The Business enters into exchange contracts for inventory with wholesale suppliers. Exchange contracts occur when parties agree to a physical exchange of like or different commodities at different locations. The parties agree to pay cash differentials when different products are exchanged. The exchange imbalance (under delivered) of $2.5 million as of December 31, 2002 is reflected in other current liabilities. The exchange imbalance (over delivered) of $1.4 million as of December 31, 2001 is reflected in other current assets.
Price Risk Management Activities
The Business buys and sells refined products as part of its operations. Affiliates of the Business conduct and manage the price risks associated with these activities through the use of derivative financial instruments. The income or loss primarily associated with the settlement of these derivative instruments was allocated to the Business and has been included in the income statement in these combined financial statements. These gain and loss allocations are based on the commodity type, transaction type, region and average inventory balances of the Business. Derivative activities conducted on behalf of the Business resulted in an increase to cost of products sold of $10.3 million in 2002, a decrease to cost of products sold of $3.5 million in 2001 and an increase to cost of products sold of $8.3 million in 2000.
Property, Plant and Equipment
Property, plant, and equipment is recorded at its original cost of construction or upon acquisition, at the fair value of the assets acquired. The Business capitalizes direct costs, such as labor and materials, and indirect costs, such as overhead and interest. The Business capitalizes the major units of property replacements or improvements and expenses minor items.
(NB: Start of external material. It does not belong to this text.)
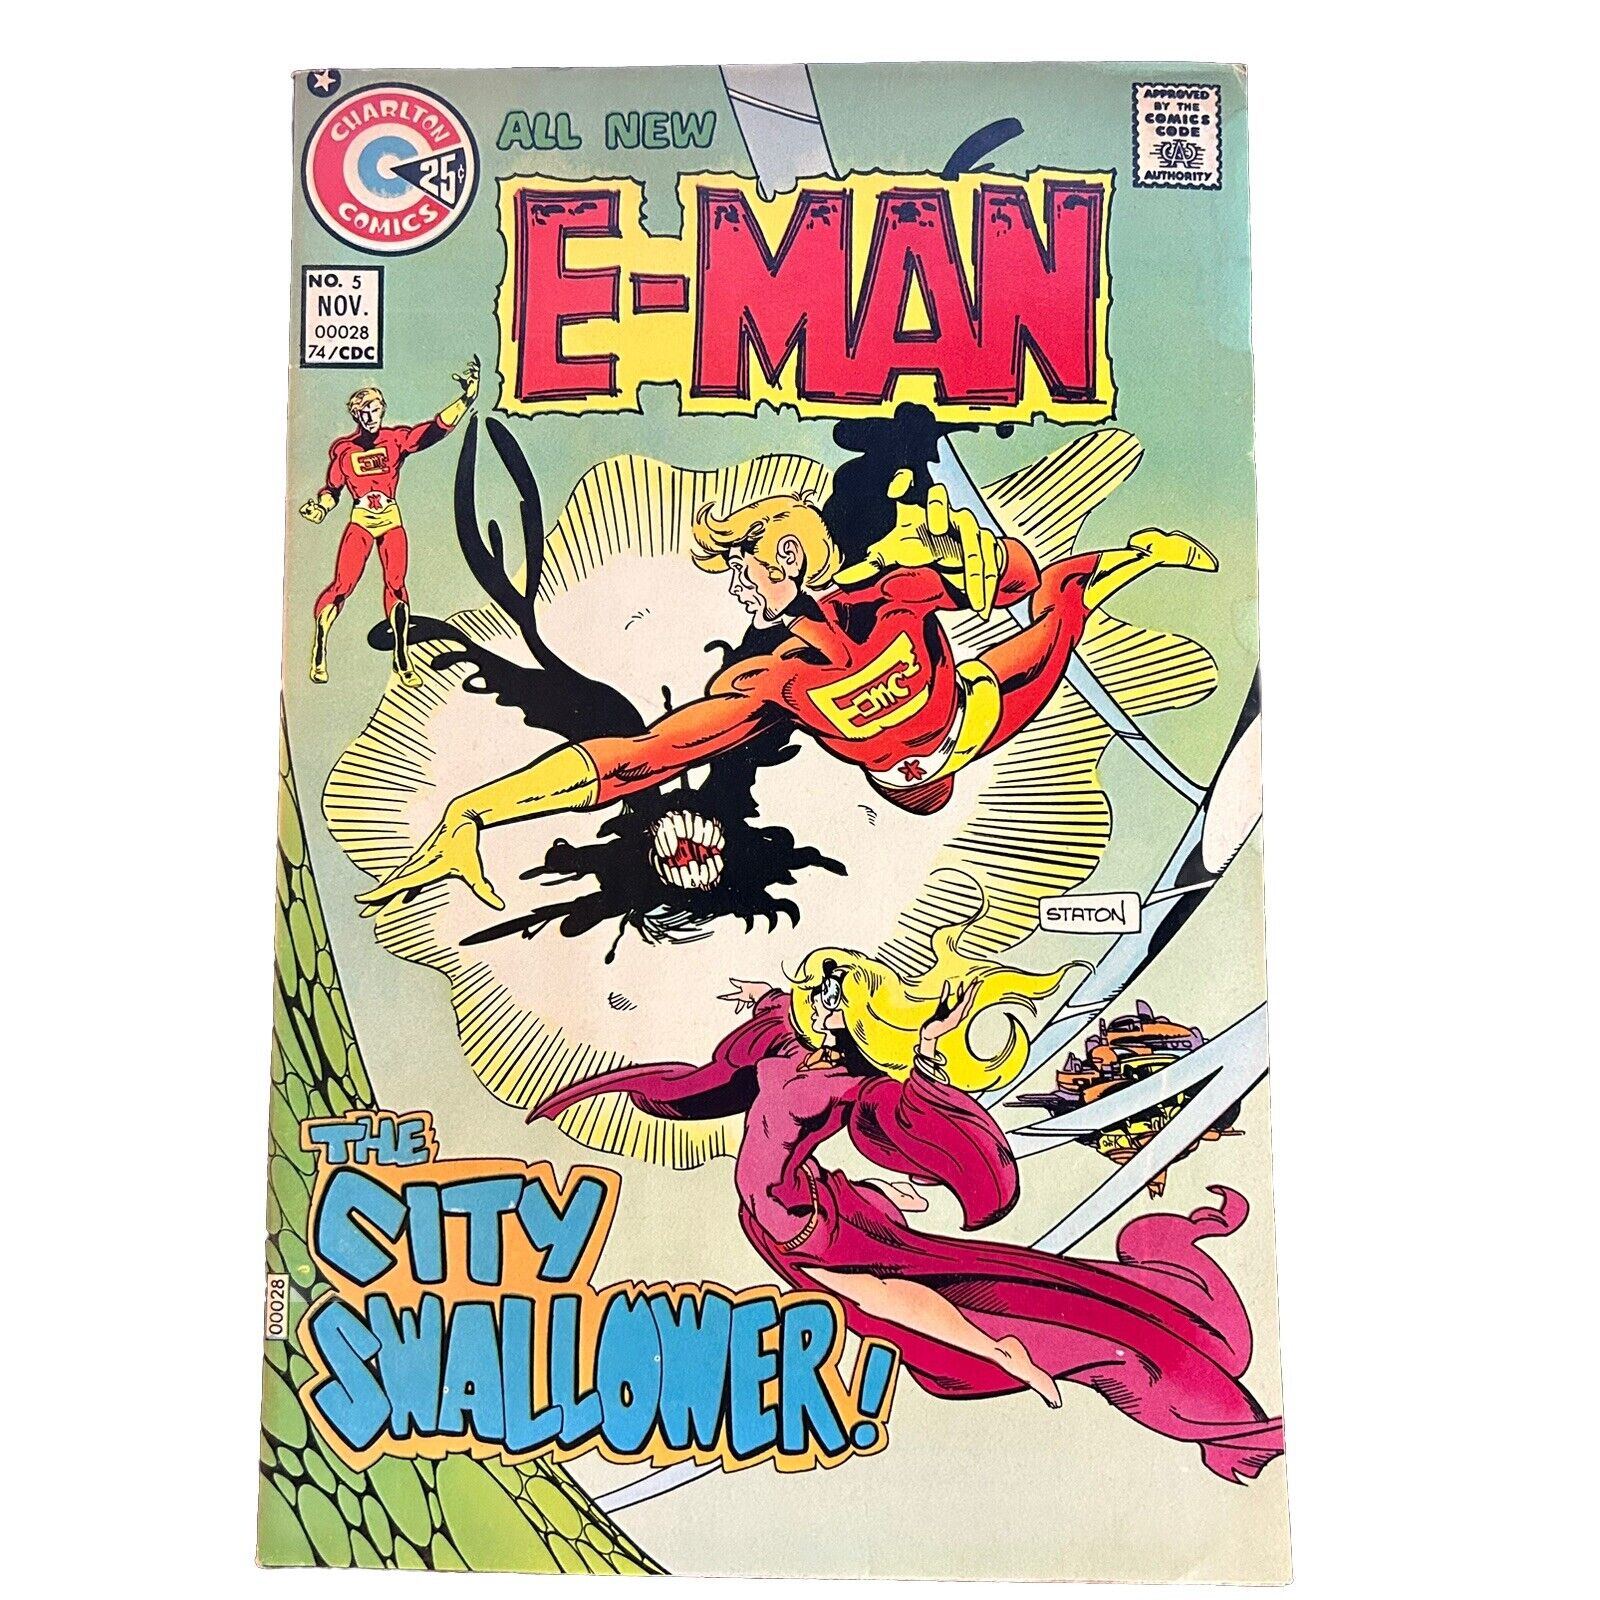 E-MAN No. 5 Nov. 1974 Charlton Comics VF

Repair and maintenance costs are generally expensed as incurred, unless they improve the operating efficiency or extend the useful life of an asset. Depreciation of property, plant and equipment is recorded on a straight-line basis over the estimated useful lives of the properties, which range from 3 to 30 years with an estimated 10 percent salvage value. Management of the Business believes that the use of the straight-line method is adequate to allocate the costs of the properties over their estimated useful lives. In 2000, depreciation and amortization expense included $4.3 million of abandonment charges related to several terminal and marine assets that were retired prior to the end of their estimated useful lives. These retirements were the result of an evaluation of the ongoing utility of these assets based on projected repair costs.
On January 1, 2002, the Business adopted Statement of Financial Accounting Standards (SFAS) No. 144, Accounting for Impairment or Disposal of Long-Lived Assets. SFAS No. 144 changed the accounting requirements related to when an asset qualifies as held for sale or as a discontinued operation and the way in which the Business evaluates the impairment of assets. There was no initial impact on adoption of this standard.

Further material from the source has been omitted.